Written by Sandeep A Ashar | Mumbai | October 15, 2020 3:38:04 am
Fadnavis on Wednesday highlighted how an expert committee appointed by Uddhav himself had rejected the Kanjurmarg option. (File)
The relocation of the Metro car shed project from Aarey to Kanjurmarg in Mumbai is not a done deal yet, as the Uddhav Thackeray government will have to secure a nod from the Centre for the change in plans of the 33.5-km Colaba-Bandra-Seepz corridor.
With the BJP in the state strongly opposed to the relocation, the approval becomes key to the continuation of the project.
The Centre holds 50 per cent stake in the project, which is expected to see a cost escalation post the relocation. A fresh approval will be required from the Union Ministry of Urban Development for cost revision. This requirement was discussed during the state Cabinet meeting on Wednesday.
On October 11, Chief Minister Uddhav Thackeray had announced the scrapping of the ongoing car shed for the Metro corridor at Aarey Milk Colony. A 41-acre dried salt pan land at Kanjurmarg has now been proposed as the new site. On Wednesday, state Environment Minister Aditya Thackeray visited the new site.

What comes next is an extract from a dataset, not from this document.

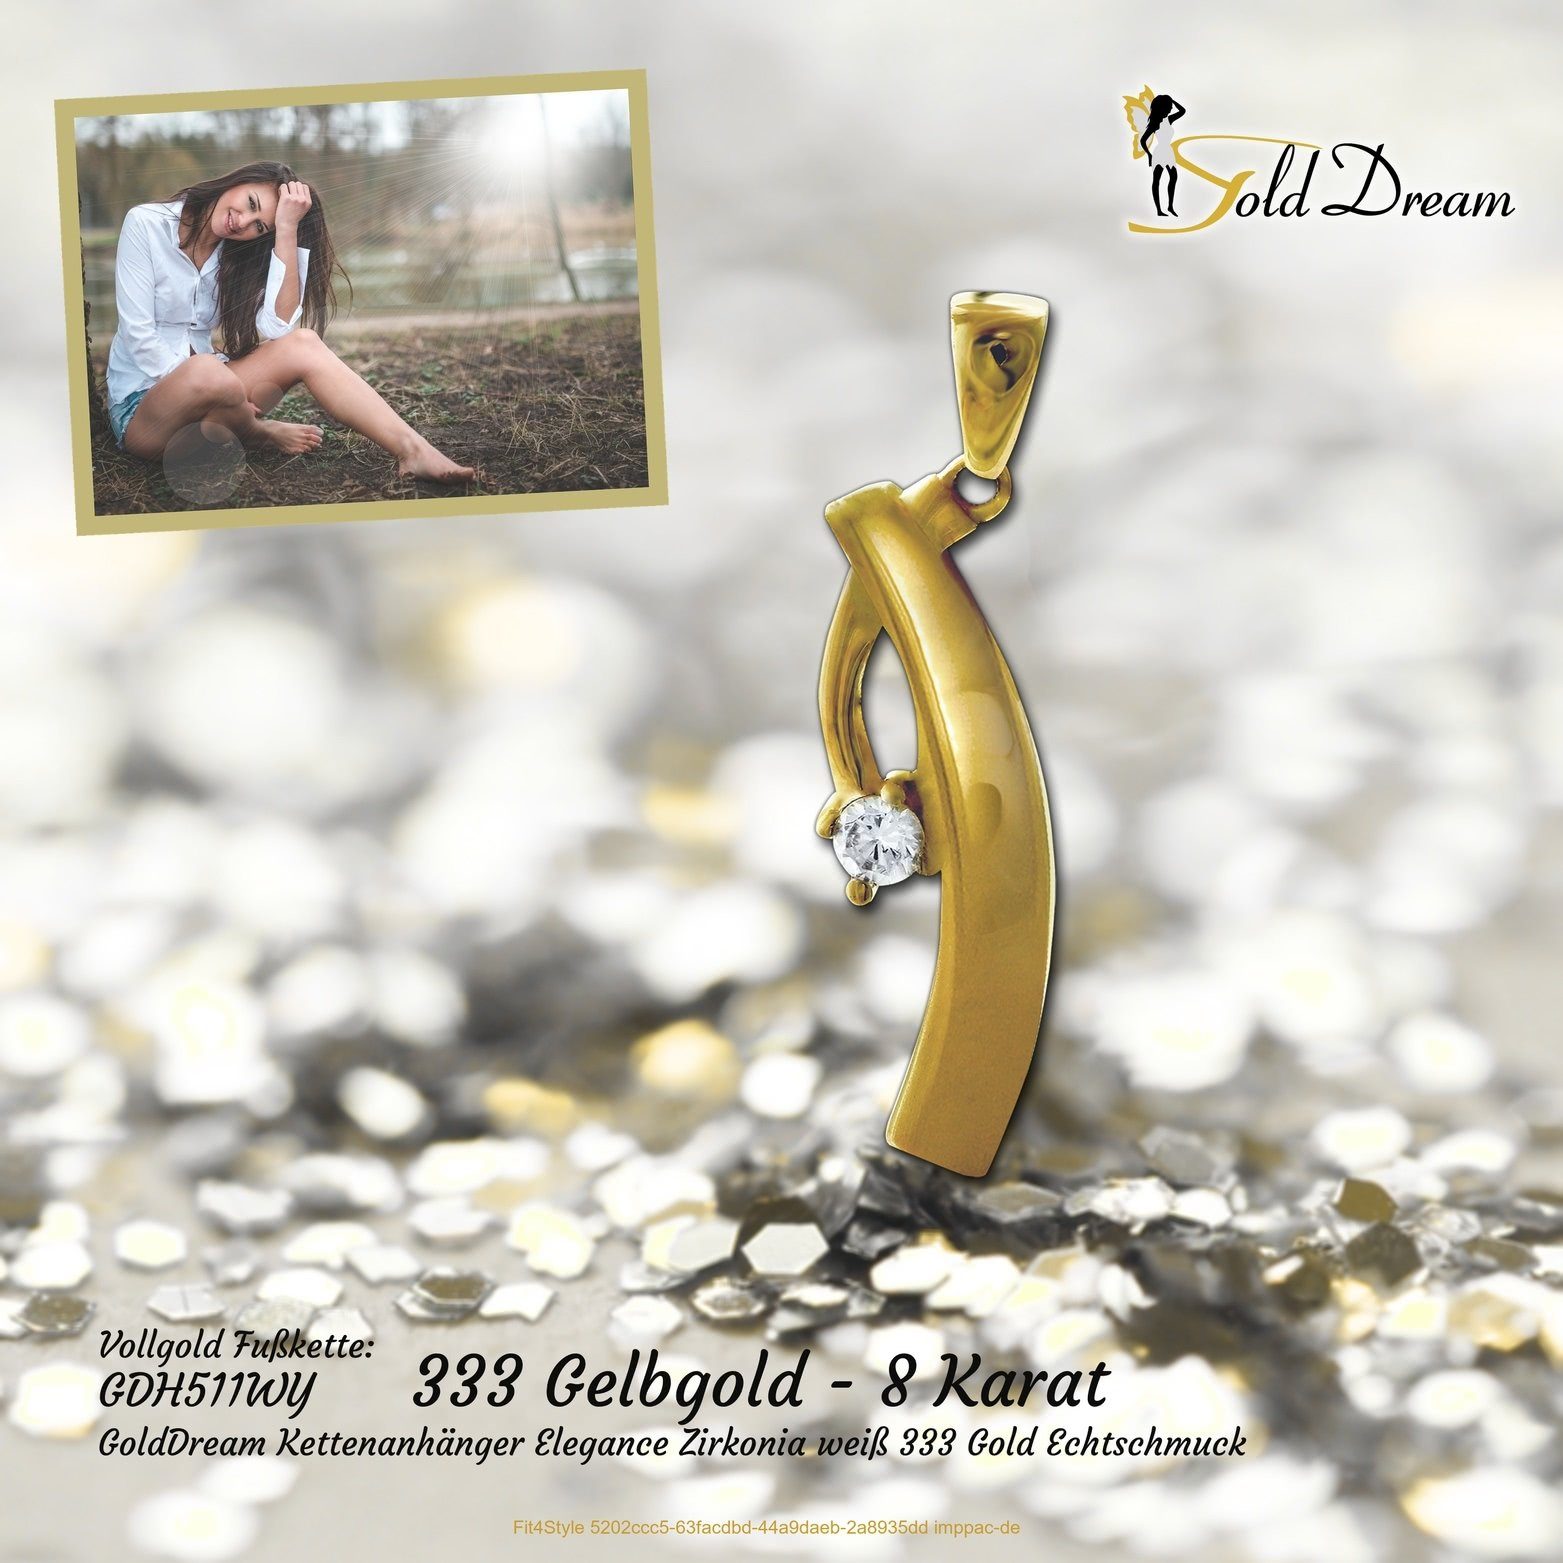 GoldDream Elegance Karat Kettenanhänger Kettenanhänger (Elegance) GoldDream 8K, - 29mm, 333 8 Kettenanhänger Gelbgold ca.
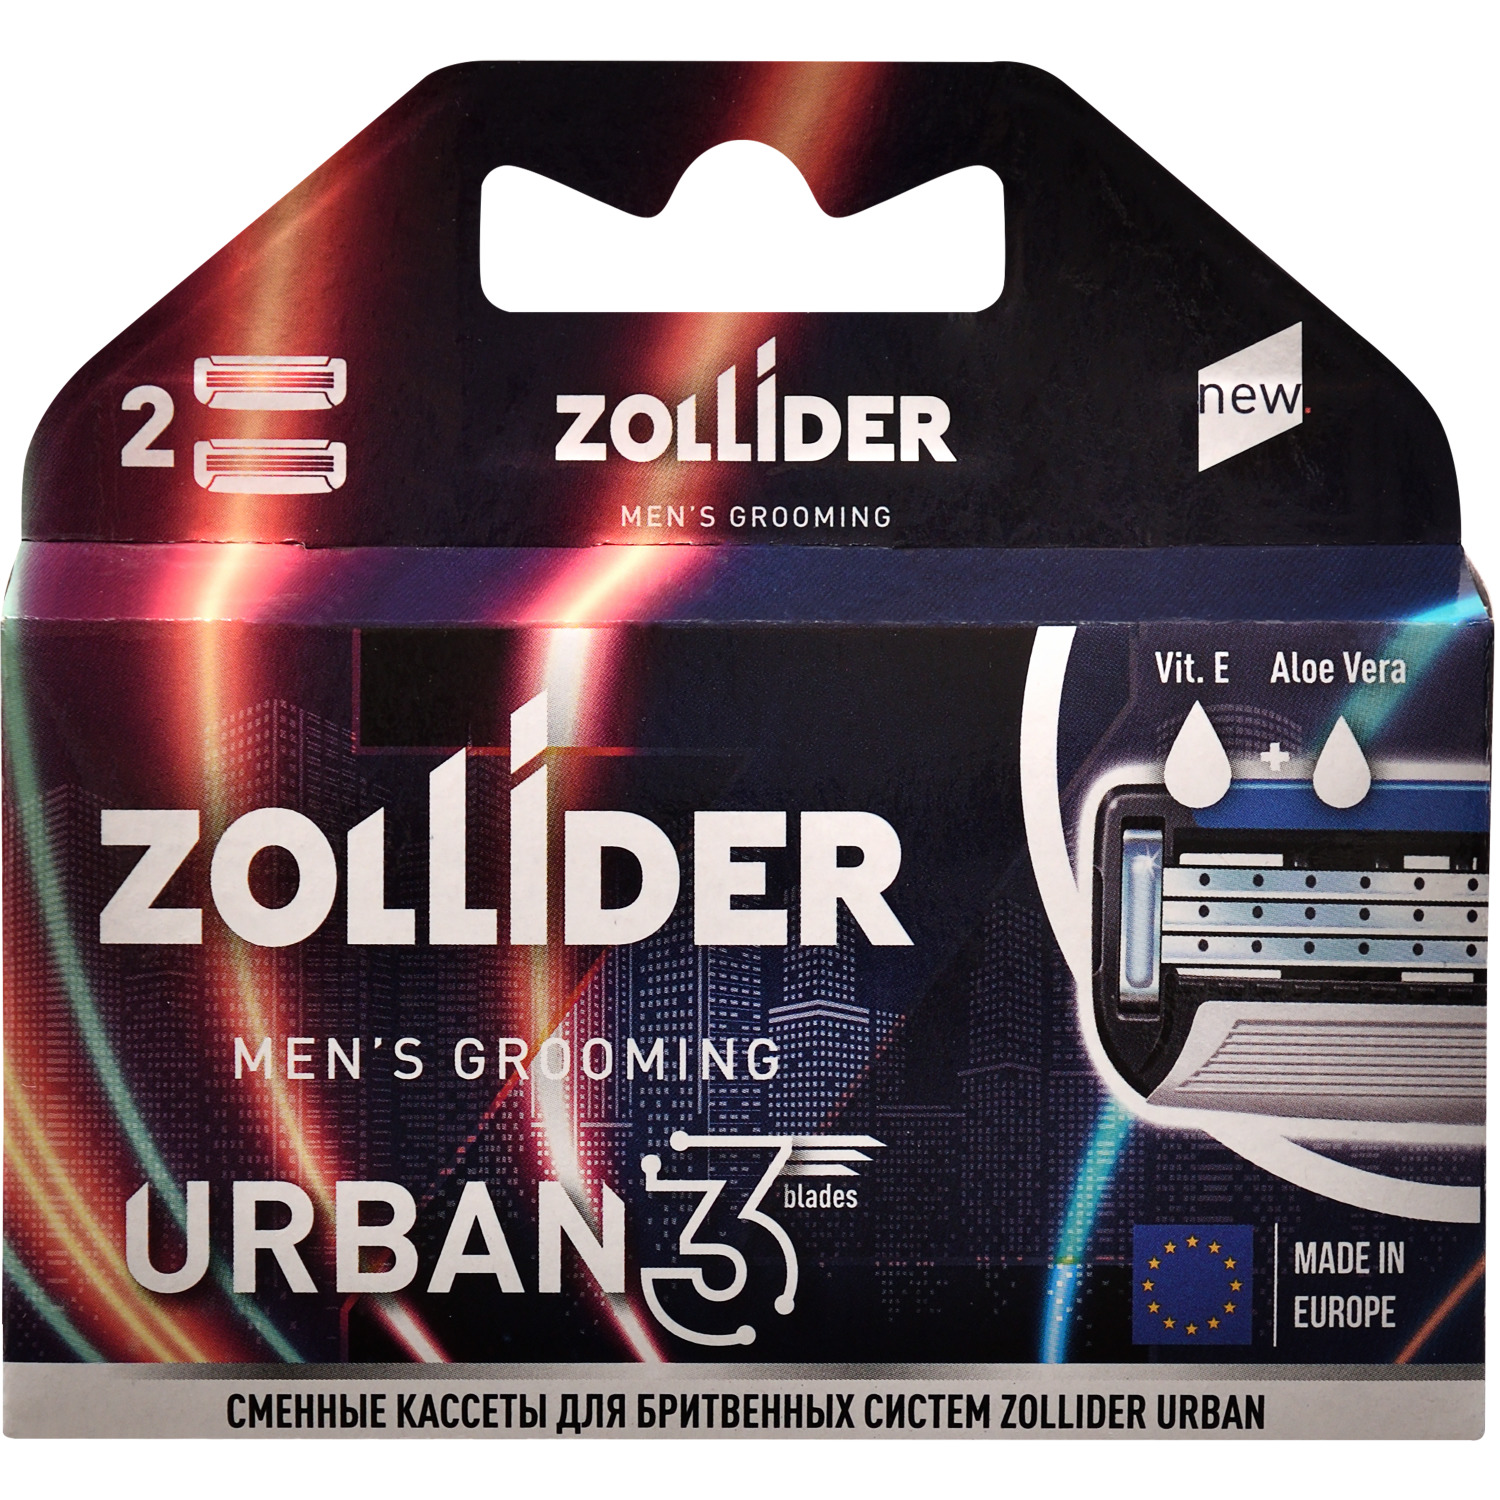 Сменные кассеты Zollider URBAN 3 blades 3 лезвия 2 шт сменные лезвия для скребков арт 0853 08533 08535 stayer

Continuing to target the government over the move, former chief minister Devendra Fadnavis on Wednesday told The Indian Express that his party will launch a mass awareness campaign against it.
Fadnavis has alleged that the new site was affected by multiple court litigations and that the Bombay High Court had stayed any land allotment and ordered a status quo. Countering this, the government has pointed to a legal opinion submitted by the state advocate general on September 30 that the “allotted land was not affected by the court’s stay”.
With the relocation also involving interface of the Metro line with another Metro corridor – an elevated one connecting Andheri to Vikhroli – the Cabinet on Wednesday discussed the costs involved.
The Kanjurmarg car depot is proposed to serve both the Metro corridors. At the Cabinet meeting, Mumbai Metropolitan Region Development Authority (MMRDA) Commissioner R A Rajeev informed ministers that the interfacing of the Metro lines will require some design changes and pegged the total system integration costs to about Rs 350 to Rs 400 crore.
Of this, the Mumbai Metro Rail Corporation Limited will have to bear Rs 200 crore. The project will also suffer cost escalation due to time overruns in relocation and building of the new car shed.
Fadnavis on Wednesday highlighted how an expert committee appointed by Uddhav himself had rejected the Kanjurmarg option. “Our government had also considered the Kanjurmarg option in 2015 itself, but due to delays and multiple litigations, we finally gave up on the option,” he said.
Questioning the argument that the land was free of litigation, he said that during his tenure as the CM, the revenue department had approached the HC for vacation of the stay. “At one stage, the court asked us to deposit Rs 2,661 crore towards the land value at ready reckoner rates,” he said.
In a series of tweets, the former CM also shared the findings of the committee, which had ruled that the Kanjurmarg land was “fraught with uncertainties and litigations”. Quoting paras from the committee’s report – submitted to the government in January this year but yet to be made public – he highlighted the complexities, the cost overruns and the operational challenges of integration of the two Metro corridors.
Fadnavis contended that the underground Metro cost will rise by at least Rs 3,000 to Rs 3,5000 crore and the commissioning delayed by four-and-a-half years following the relocation. The cost of escalation will have to be borne by the taxpayer.